The Murdoch family has had such a bad press recently that I keep remembering a visit to Dame Elisabeth, Rupert Murdoch’s mother, at her garden south of Melbourne, it must be ten years ago. Ten years ago she was only 93; at 103 she remains a central figure in the cultural and charitable life of Melbourne – and a passionate gardener.
We were introduced to her at a garden festival at Hatfield House by Marchioness Mollie. We went to tea with her a year or two later at Cruden Farm, the house her husband Keith gave her when they married in 1928. There was nothing formal about it; she put the kettle on and fetched a cake tin, then told us that she had just driven to Melbourne and back (she drove herself in a small car) to chair a meeting of one of her
charities. The garden, she said, was too big to walk round, so she drove us in her buggy, stopping every few yards to point out a plant with evident knowledge and relish. There was a lot of new planting going on around a recently-made lake.

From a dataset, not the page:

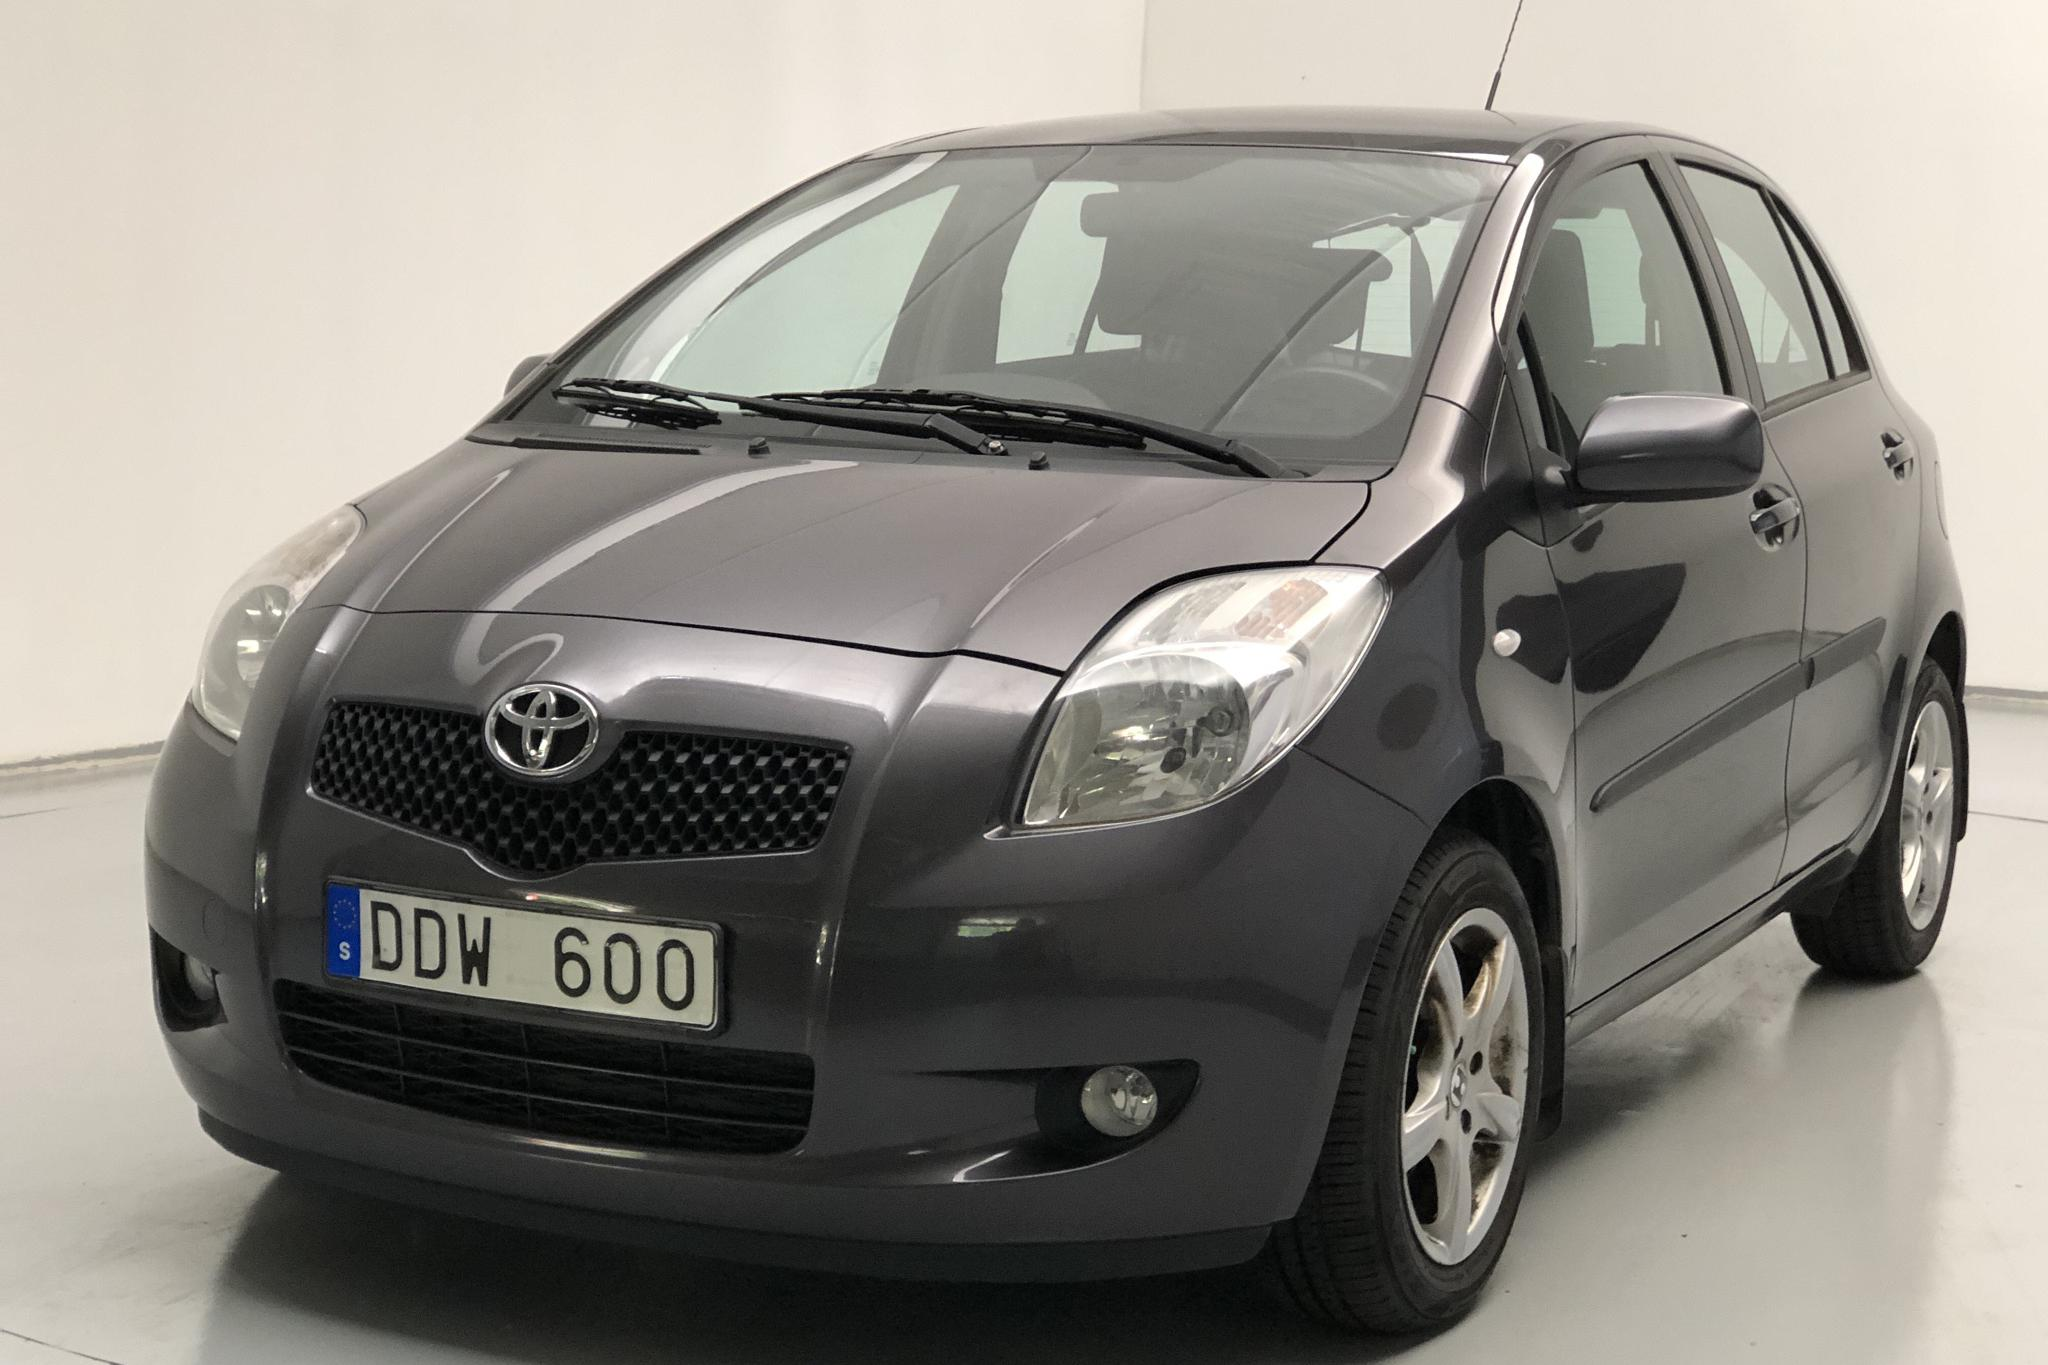 Toyota Yaris 1.3 5dr (87hk)

You reach Cruden Farm down a long curving alley of Corymbia citriodora, the gum tree equivalent of Betula jacquemontii, but whiter of trunk and more sinuous. A Rugby goalpost, as it were, with hips. Tall trees shade the white clapboard house, one of them an oak I have never seen before or since, an evergreen with leaves rather like Quercus turneri but immensely tall and as deeply drooping as a weeping beech. Its name is Q. Firthii. I want one. Hydrangeas are stacked in tall banks round the house, their feet in a lush bed of agapanthus; blue and white the predominant colours.
But any memory of the planting is hazy beside my memory of the woman who was brought home here as a bride at 19 and has reigned in the garden (and in Melbourne) ever since. The innocent pursuits of philanthropy and gardening have occupied her for eighty years.